F1: Alfa Romeo C42 - "polski" bolid w Formule 1
Alfa Romeo konstrukcję C42 przedstawiła
już na testach w Barcelonie, na których bolid pomalowany był w specjalny kamuflaż,
maskujący elementy samochodu. Pierwsza tura testów nie była dla Alfy zbyt
udana. Zespół trapiły problemy techniczne, przez co Robert Kubica w porannej
sesji pierwszego dnia testów pokonał zaledwie 9 okrążeń. Później wcale nie było
lepiej, zespół z Hinwil w ciągu trzech dni testowych przejechał raptem 175
kółek, co składa się na drugi najmniejszy dystans pokonany przez jakikolwiek
zespół (mniej przejechał tylko Haas – 160 okrążeń). Miejmy nadzieję, że liczba
kilometrów przejechanych w Barcelonie nie przełoży się jednak na dyspozycję
Alfy podczas tegorocznego sezonu oraz że testy w Bahrajnie będą dla
szwajcarsko-włoskiego zespołu zdecydowanie bardziej udane.

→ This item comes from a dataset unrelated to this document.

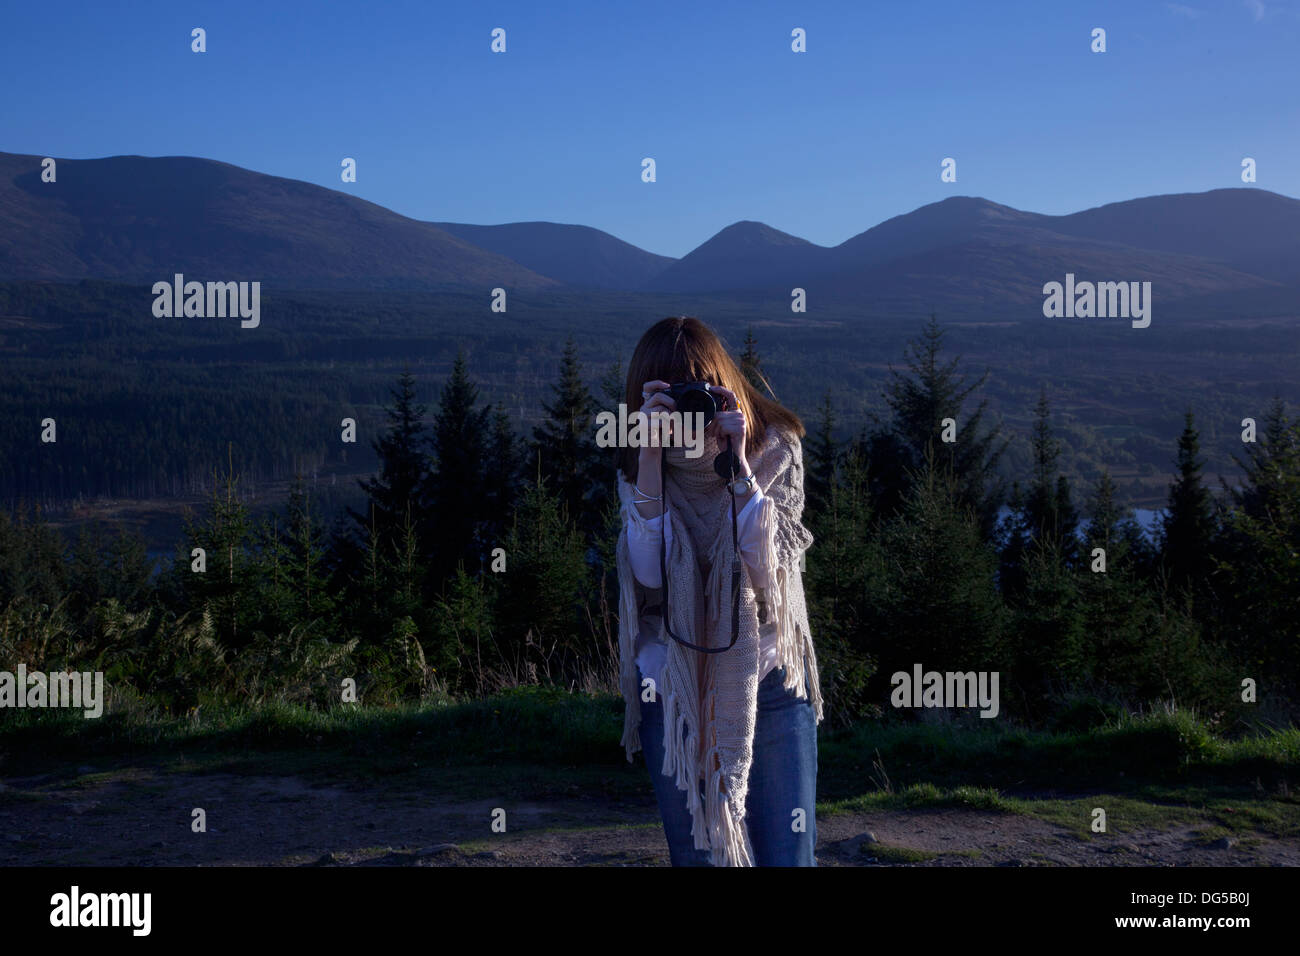 Woman taking a photograph, aiming the camera front on. Set by a beautiful Scottish Loch. Invergarry Loch. Stock Photo

Nie chcemy, aby bolid przyodziany w tak urodziwe barwy podróżował w ogonie stawki. Trzeba przyznać, że Alfa z roku na rok serwuje nam coraz to lepsze projekty oklejenia, a w tym sezonie zdecydowali się na "polskie barwy". Nawet kołpaki zostały pomalowane w biało-czerwone akcenty. Nie twierdzę jednak, że jest to w pełni świadomy zabieg albo część zobowiązań wobec polskiego Orlenu. Projektanci Alfy raczej starali się ubrać C42 w tradycyjne barwy Alfy Romeo, ale chcąc nie chcąc tegoroczne malowanie wyszło im, jakby specjalnie chcieli podkreślić udział polskiego przedsiębiorstwa oraz Roberta Kubicy w swoim sukcesie.
Trzymamy
zatem kciuki za tegoroczny bolid Alfy oraz jej kierowców, aby mogli w
sezonie 2022 powalczyć w środku stawki z innymi mocnymi zespołami.